I've sended you an email.


----------



## Golden Ears (Jul 18, 2010)

Update.

well.... 

The Apogee Mini DAC... still a great DAC.. is no match for a WADIA 121.

I had the Lynx Studios Hilo, fantastic High frequency sound stage (endless configurations..you might be able to do 5.1 too)...but not as good Male vocals as the Apogee or Wadia..arrrghhh..Deal breaker.

I heard the Metrum HEX...good, but not amazing.

.....recently May 31- June 2 , 2013 I exhibited at T.H.E. Show Newport Beach 
with Chapman. 

I managed to borrow a $7000 MSB Analog DAC, this is in league with the Stahl-Tek Vekian I liked ($20,000). This has an incredible RELAXING sound, that somehow removes the "anxious attack" of digital....and that "grainy chopped discontinuity..." heard in vocals and sustained notes that you hear in digital. The MSB puts you at ease like a good LP vinyl record (have to use all three terms for those not young enough to recognize the solo term LP (LP="long playing"...now...so outdated compared to an endless digital play list). MSB is still not as nice as 12" 45rpm or 7.5" or faster master tape....even if the reviewer said so....

MSB Technology The Analog DAC | AudioStream



But hey...its a long way there.----

Sadly.... dual 24 volt + 12 volt power supplies -highly regulated -complicate ...at least for now, using the MSB in my car....too bad..such a cool piece milled out of a solid slab of Aluminum . I may have to use a pure sine wave inverter to pull it off. Also static electricity can lock up the MSB...so I will need a Uninterruptible power supply to protect it from voltage swings.

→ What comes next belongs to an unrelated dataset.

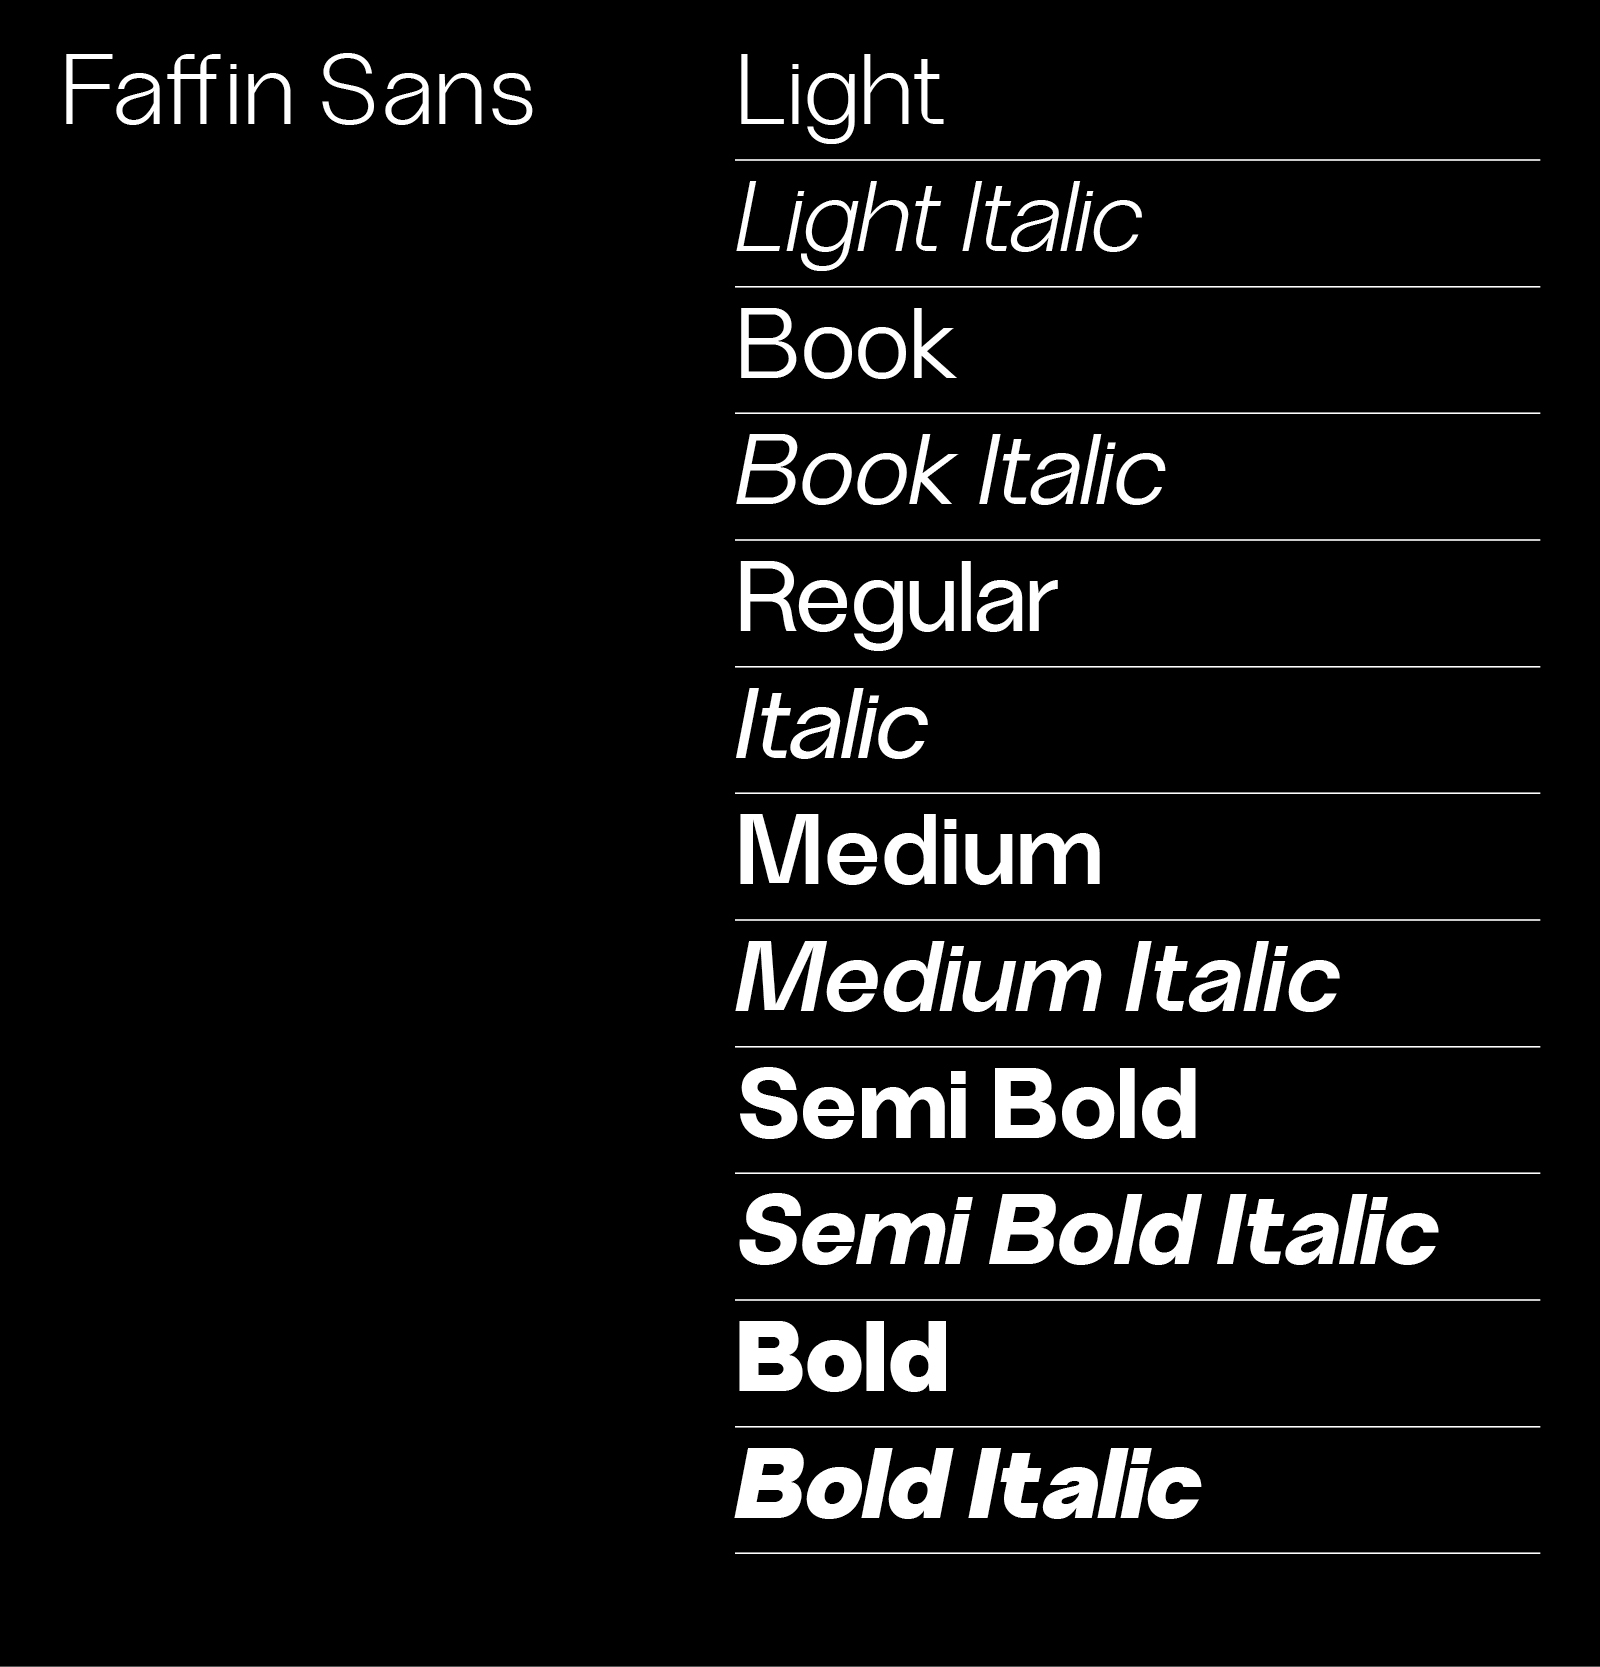 Faffin font weights

I probably will sell both my Wadia 121 and Wadia 860x with GNS statement level upgrade to buy this.


----------



## Golden Ears (Jul 18, 2010)

Update:

In case anyone actually cares about Hi-rez in the car. I'll write a bit more about my findings. Don't expect a neat review- It was a long day and I feel VERY VERY few people actually read this... If you are someone that appreciates what I write- let me know in this thread. I'll take the time to clean up and organize future comments on this long arduous journey. It's 1am.

So I sold the Wadia 121. The SABRE chip wore on me - and in the end I preferred a much less expensive Meridian Explorer- which really wasn't quite the answer either as it did not go depth and detail so well- but fared much better on vocals than the Wadia 121. The Wadia 121 would prove to be a major hassle in several ways. In the actual install in my car- the Apogee Mini DAC sounded better...outside of the car the Wadia was better in some ways......but long term wore on me.

Also ....When power is cut to the Wadia 121- all its settings for output level and source go to factory defaults (So every time you turn off the car... you have to reset it all. ..PITA. (it sounds best through its 4volt output - but does not default to this) It also mutes... And if you want to make a power supply for it.. you need (4) power supplies -% volts + 5 Volts +12 volts -12volts.... forget it! And it sounds much better warmed up- and the time ti takes to warm up...well you'd be there by then.

In comparison- set the Apogee Mini DAC and when it sees voltage again it springs into life and automatically searches inputs endlessly until it locks on. 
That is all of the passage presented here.